Madagascar church leader appeals for support following ‘harassment’
March 10, 2011
The leader of the largest Protestant group in Madagascar has appealed for support over “harassment” of church leaders after the government accused the group of running an illegal radio station in one of its orphanages.
“We ask for your prayers and support as we do not know what will happen in the near future as the HAT (the de facto government called the High Authority of Transition, or HAT), continues interrogating and arresting our people,” said the Rev. Lala Rasendrahasina, president of the Church of Jesus Christ in Madagascar (FJKM) ― a partner church of the Presbyterian Church (U.S.A.) ― in a statement received by ENInews on March 3.
He said the government had alleged the church was running a “pirate” radio station which it found broadcasting on Feb. 18 from Topoza, a church orphanage in the capital, Antananarivo.
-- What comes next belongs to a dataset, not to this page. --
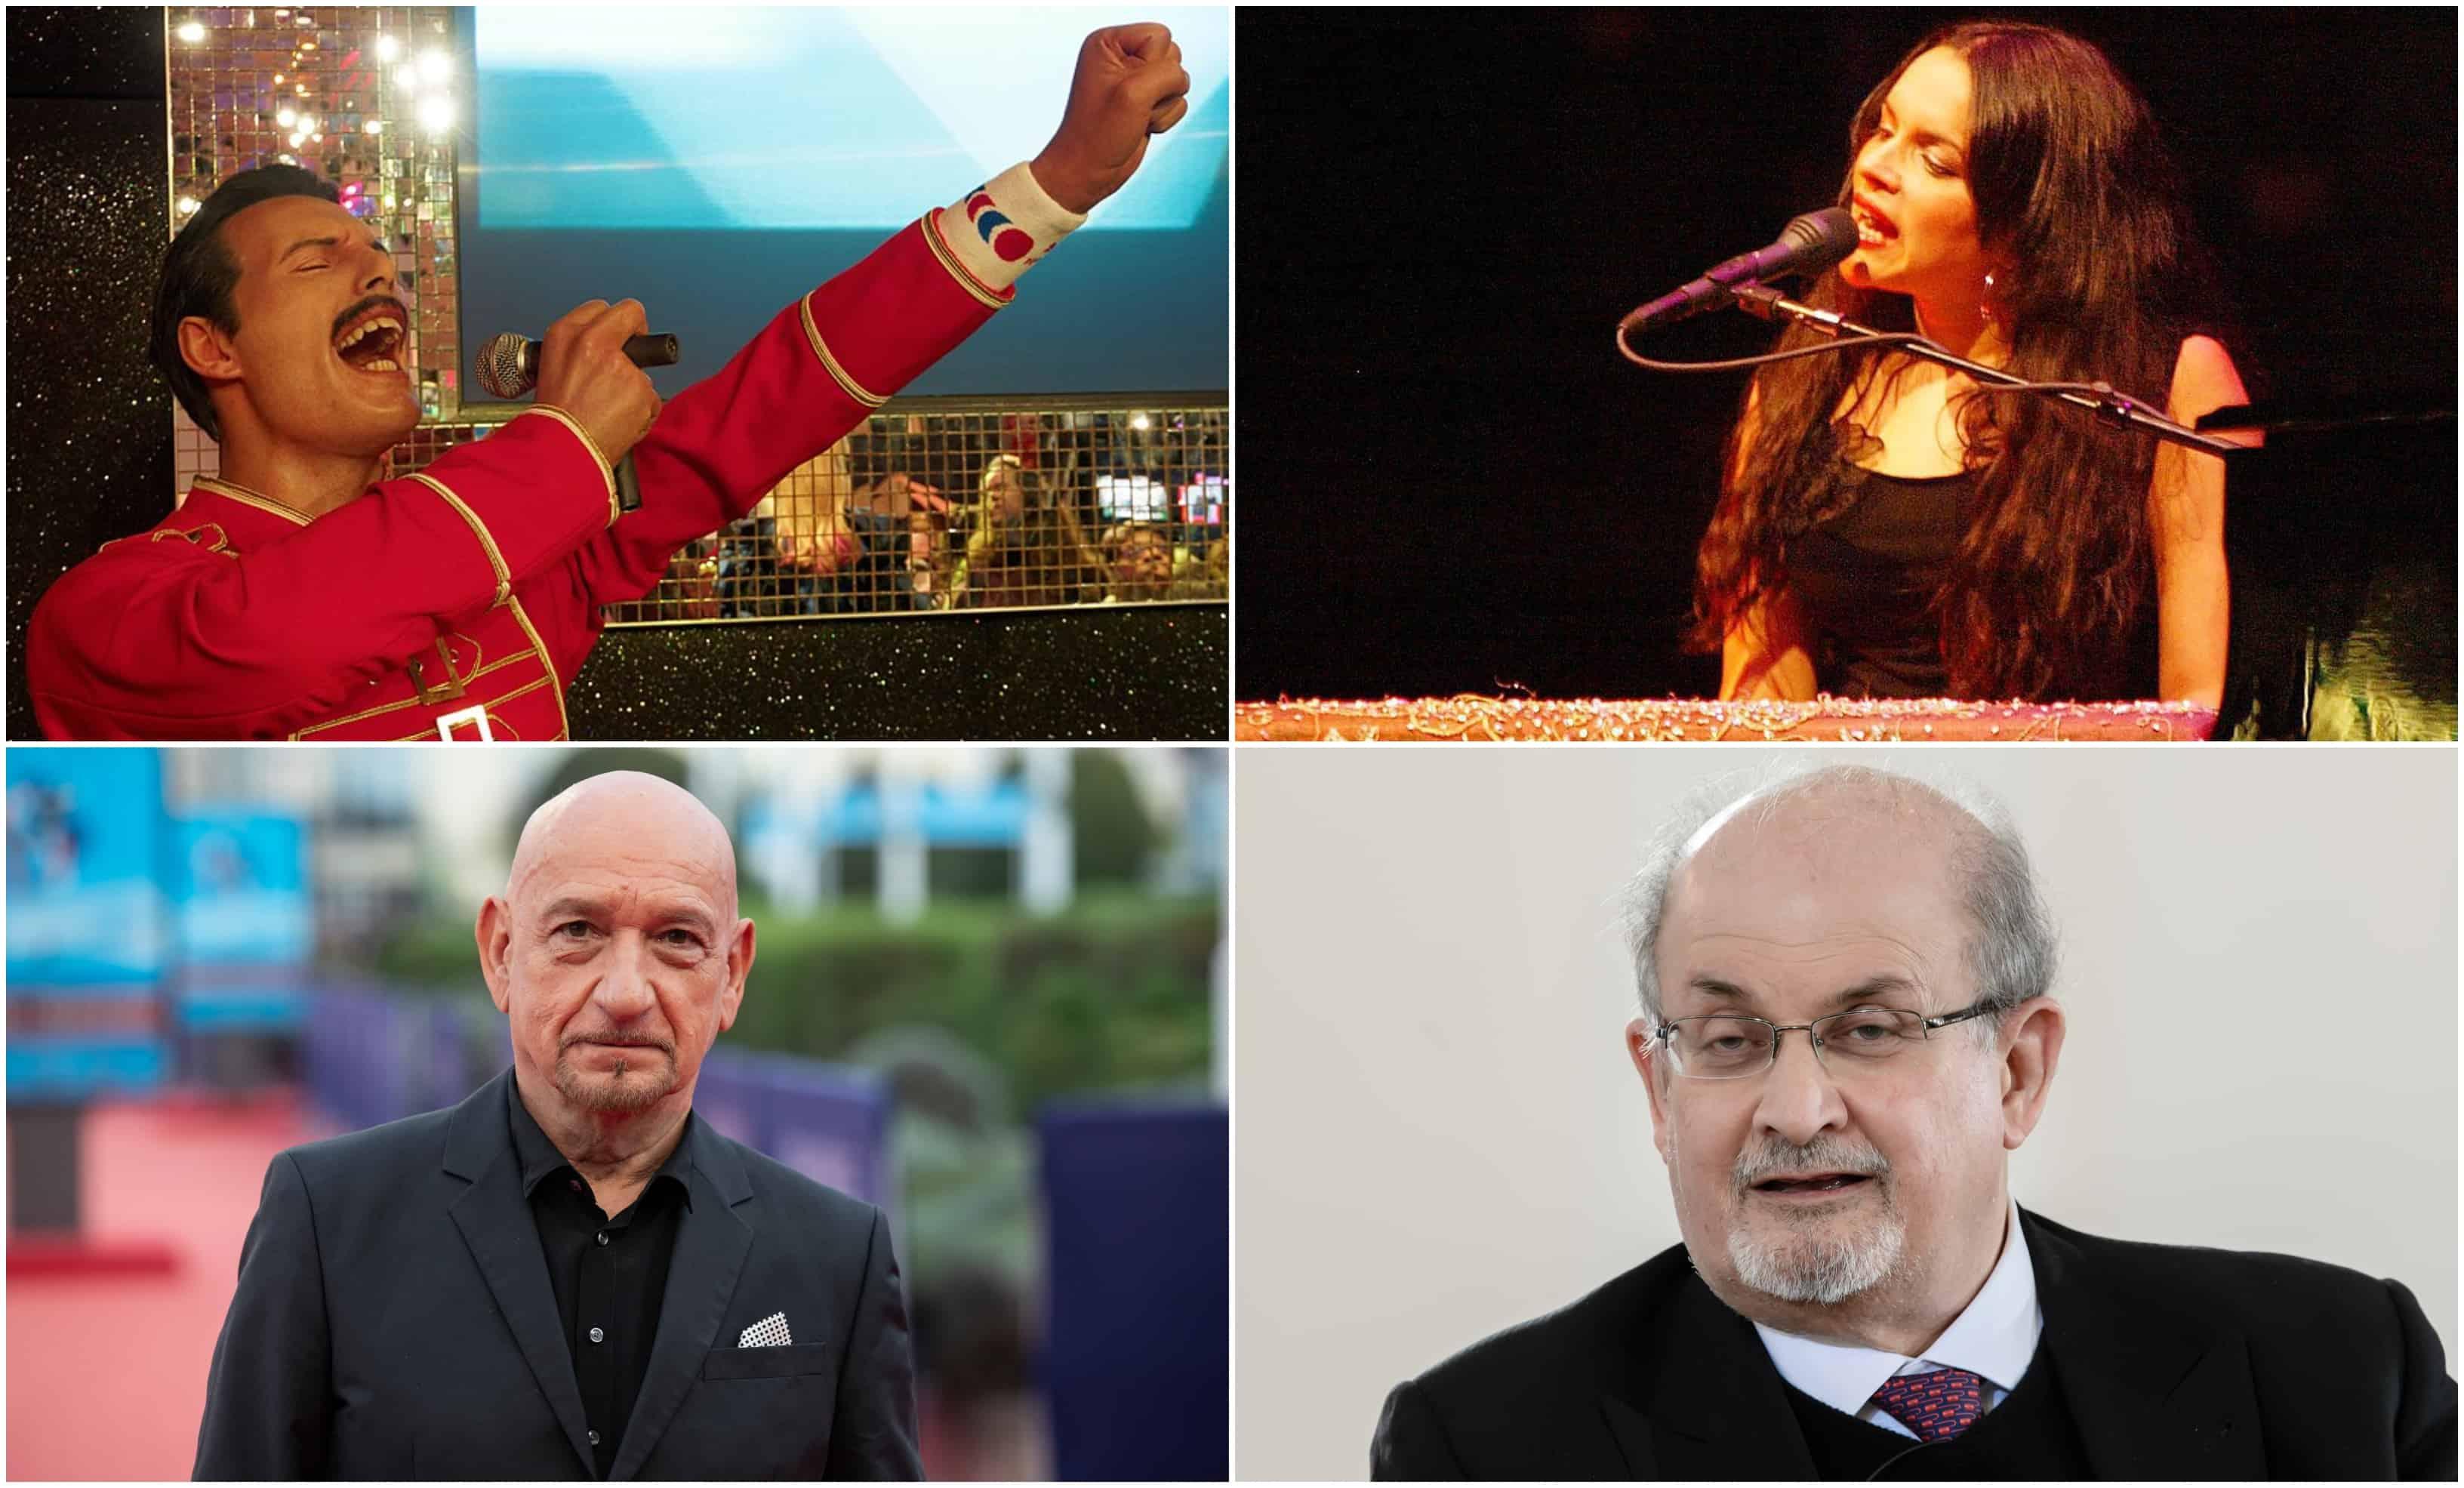 Un collage montre Freddy Mercury et Norah Jones en haut, et Ben Kingsley et Salman Rushdie en bas.

Orphanage director Tantely Rakotoarivony was accused of running the station, he said. “She was also detained on Feb. 25. She is still in custody," he said.
Rasendrahasina said the radio station was unknown to FJKM, although the officials and the president are accused by the government of giving orders to Rakotoarivony to let the radio broadcast from the center. “This is one fact among others used by the government to persecute the church and its leaders,” he said.
“We find and understand these charges as mere allegations and harassment towards FJKM and churches as I am also the chairperson of the Christian Council in Madagascar this year,” he said.
He also said he was beaten and detained in March 2009 following the resignation of President Marc Ravalomanana, who was also a senior member of FJKM. He was ousted by Andry Rajoelina, the former mayor of Antananarivo in 2009, setting off a political crisis. The crisis has divided the island community and threatened the unity of the churches.
While attending the World Council of Churches (WCC) Central Committee meeting in Geneva from Feb. 16- 22, Rasendrahasina said the churches there were steering for peace in the midst of the conflict.
“The church has never ceased to find a way to help the nation out of this crisis and to maintain peace,” said Rasendrahasina who is a member of the Central Committee. “We have never ceased to pray for the nation since March 2009. The church has had to mediate between politicians but because of various factors, the results have not always been as successful as we would hope,” he said.
About 2.5 million of Madagascar's 21 million people belonging to the FJKM, making it the country’s largest Protestant denomination.